= What is expected =
Retype the whole listing exactly. Leave out pictures.

= Data section =
__________________________________________________

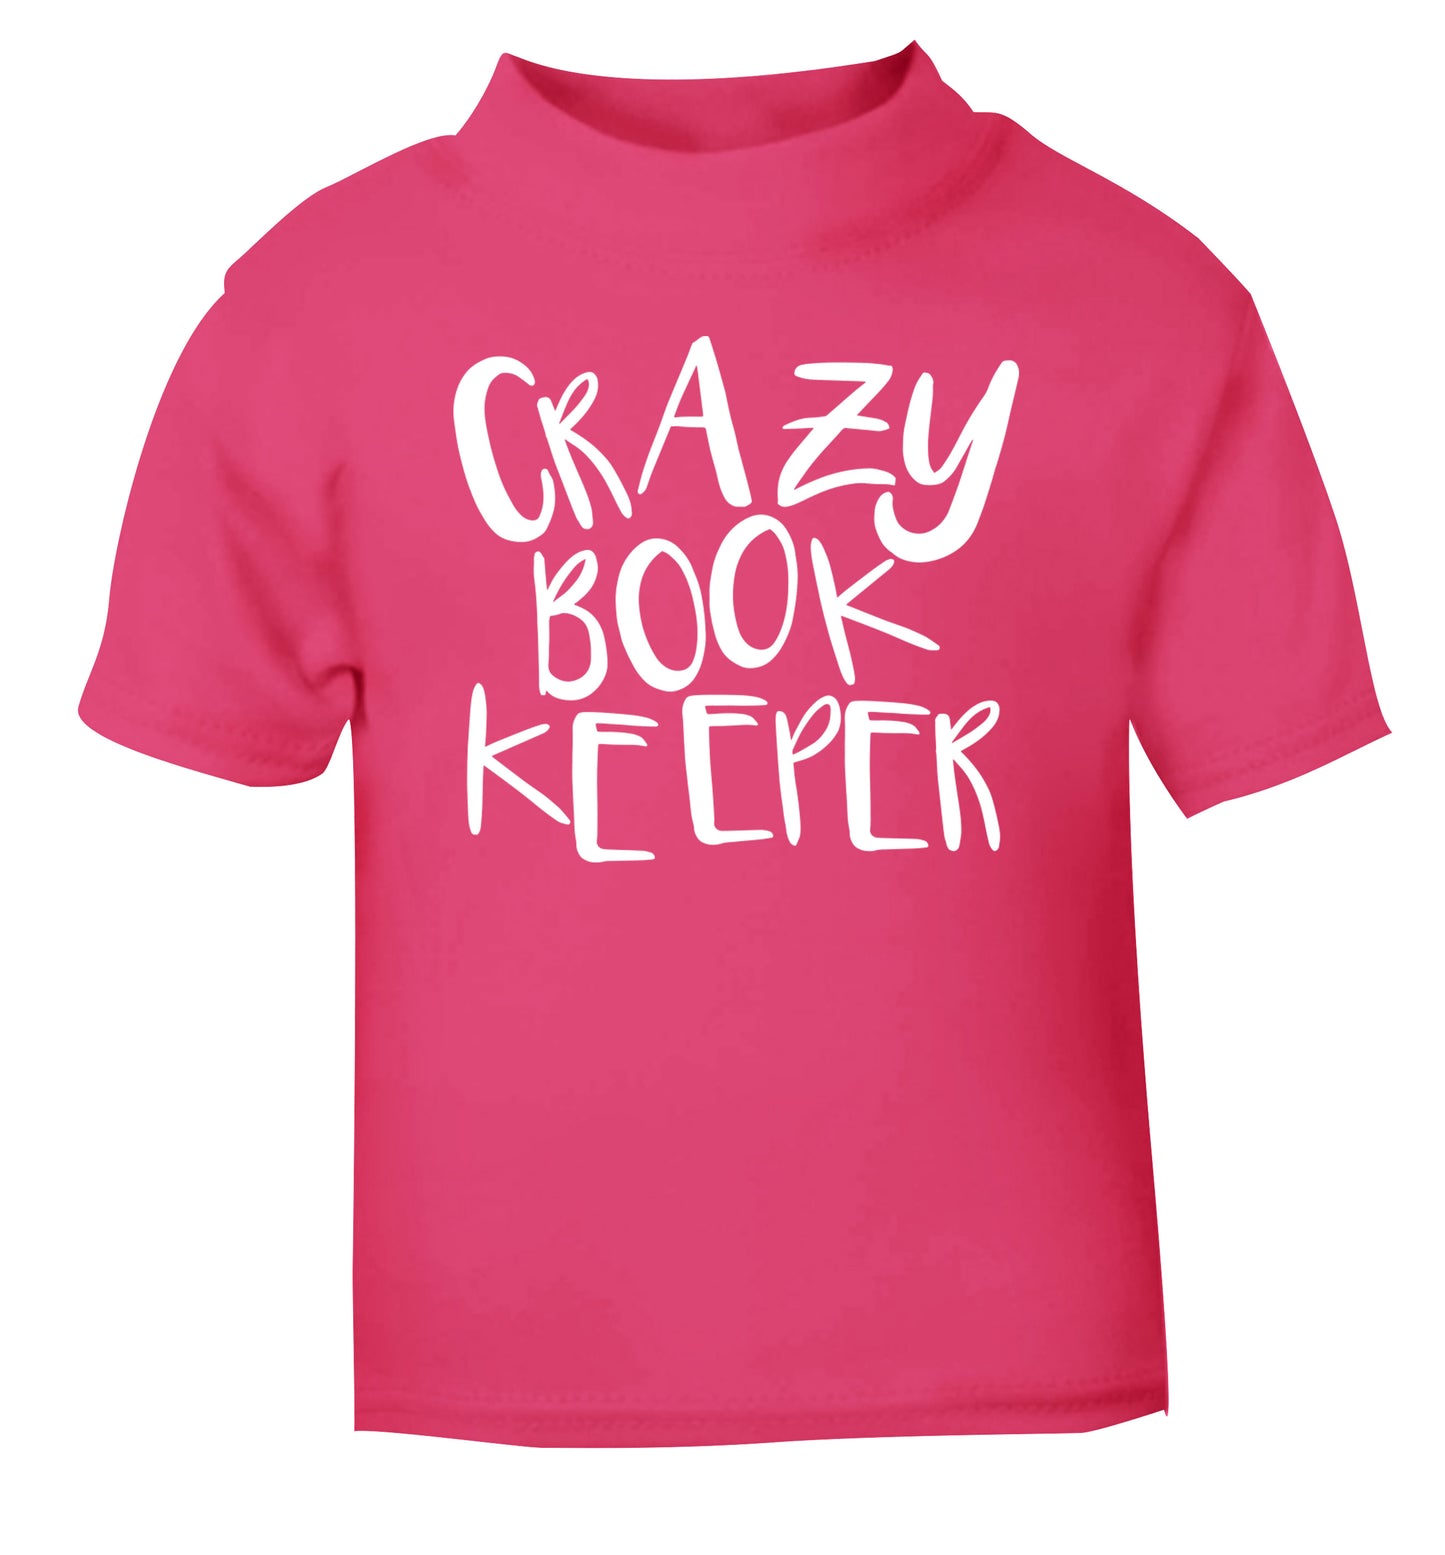 Crazy bookkeeper pink Baby Toddler Tshirt 2 Years
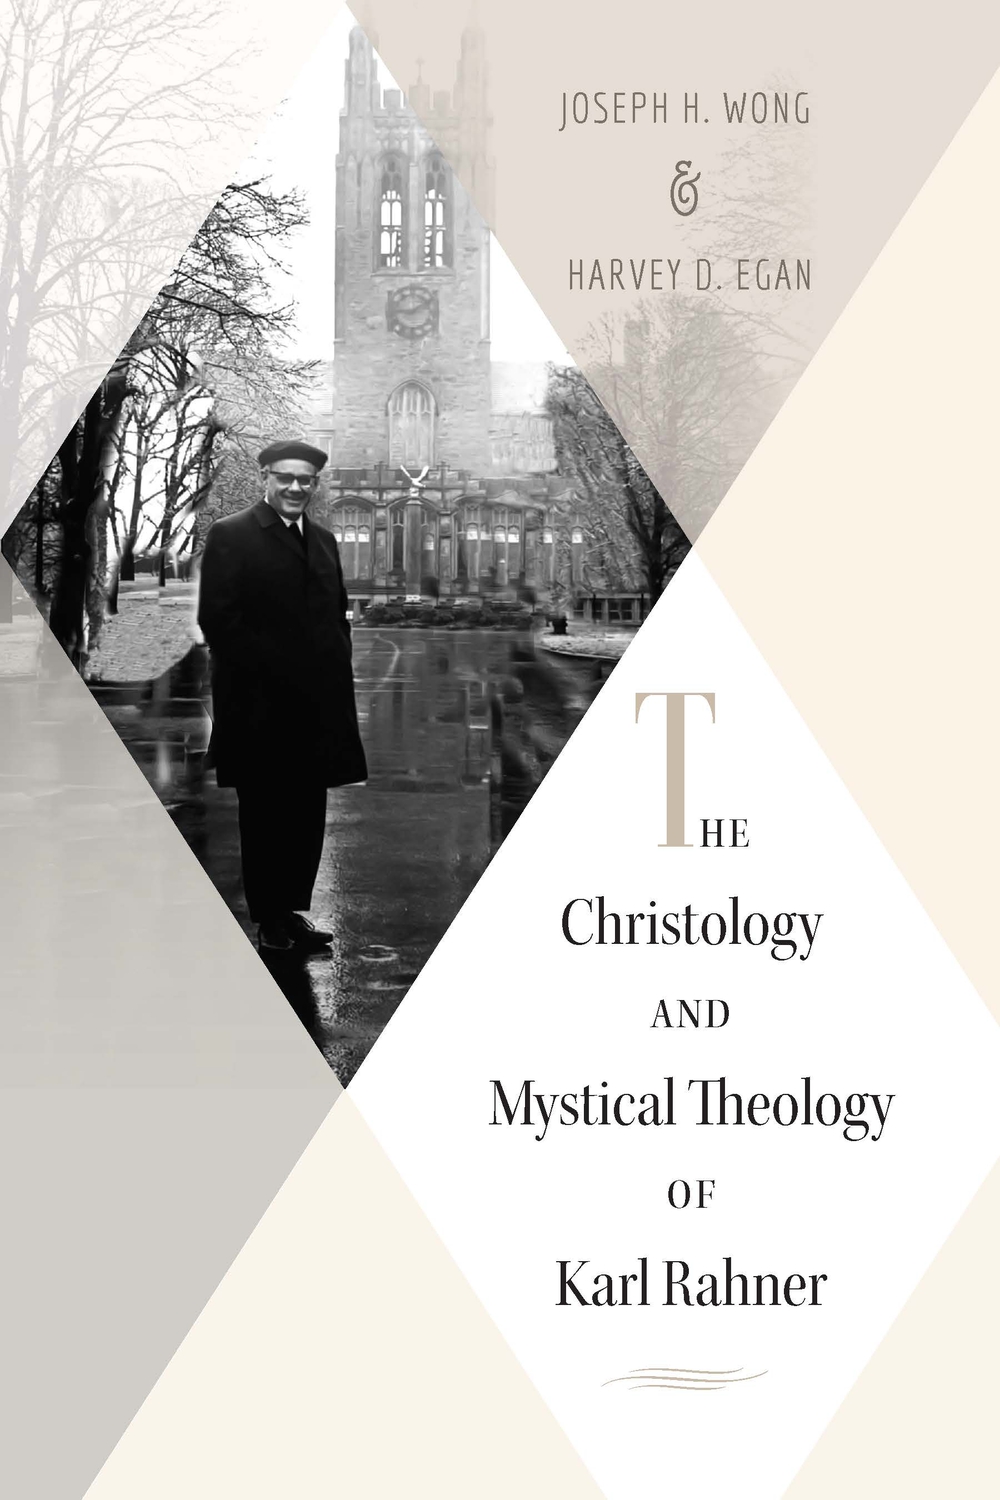 The Christology and Mystical Theology of Karl Rahner
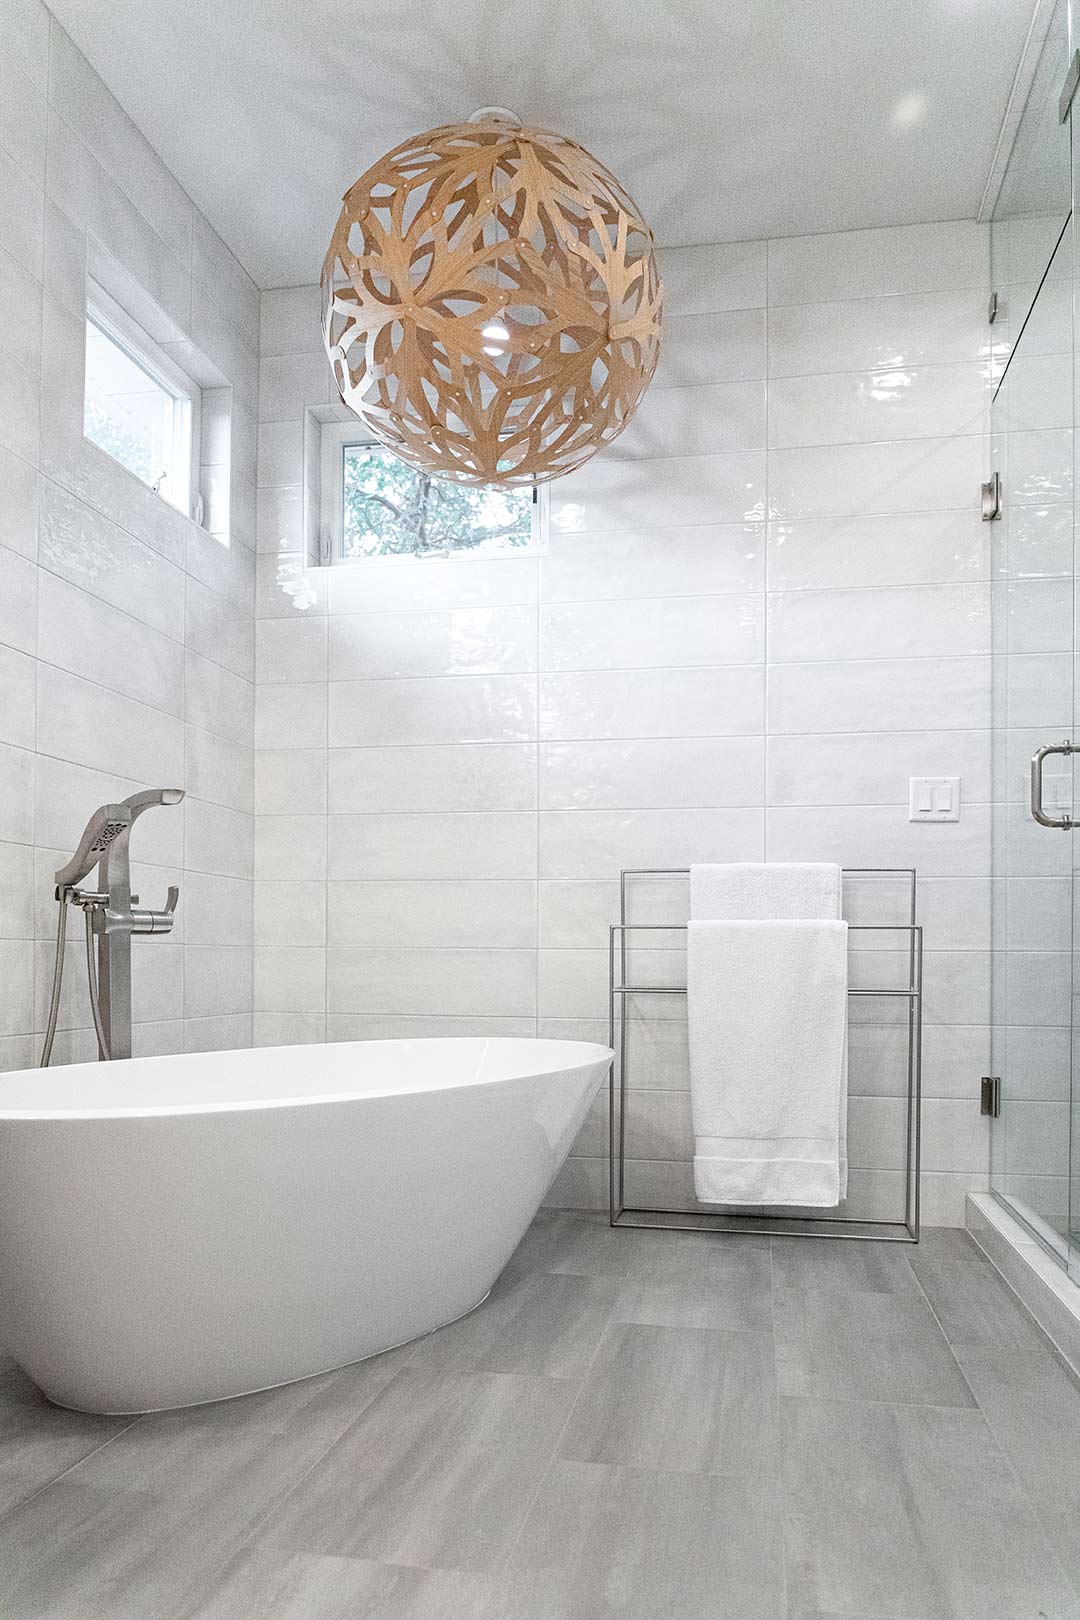 View of the freestanding tub with a modern chandelier-like globe light fixture overhead

__________________________________________________

= Response box =
 Crazy bookkeeper pink Baby Toddler Tshirt 2 Years
 The Christology and Mystical Theology of Karl Rahner
 View of the freestanding tub with a modern chandelier-like globe light fixture overhead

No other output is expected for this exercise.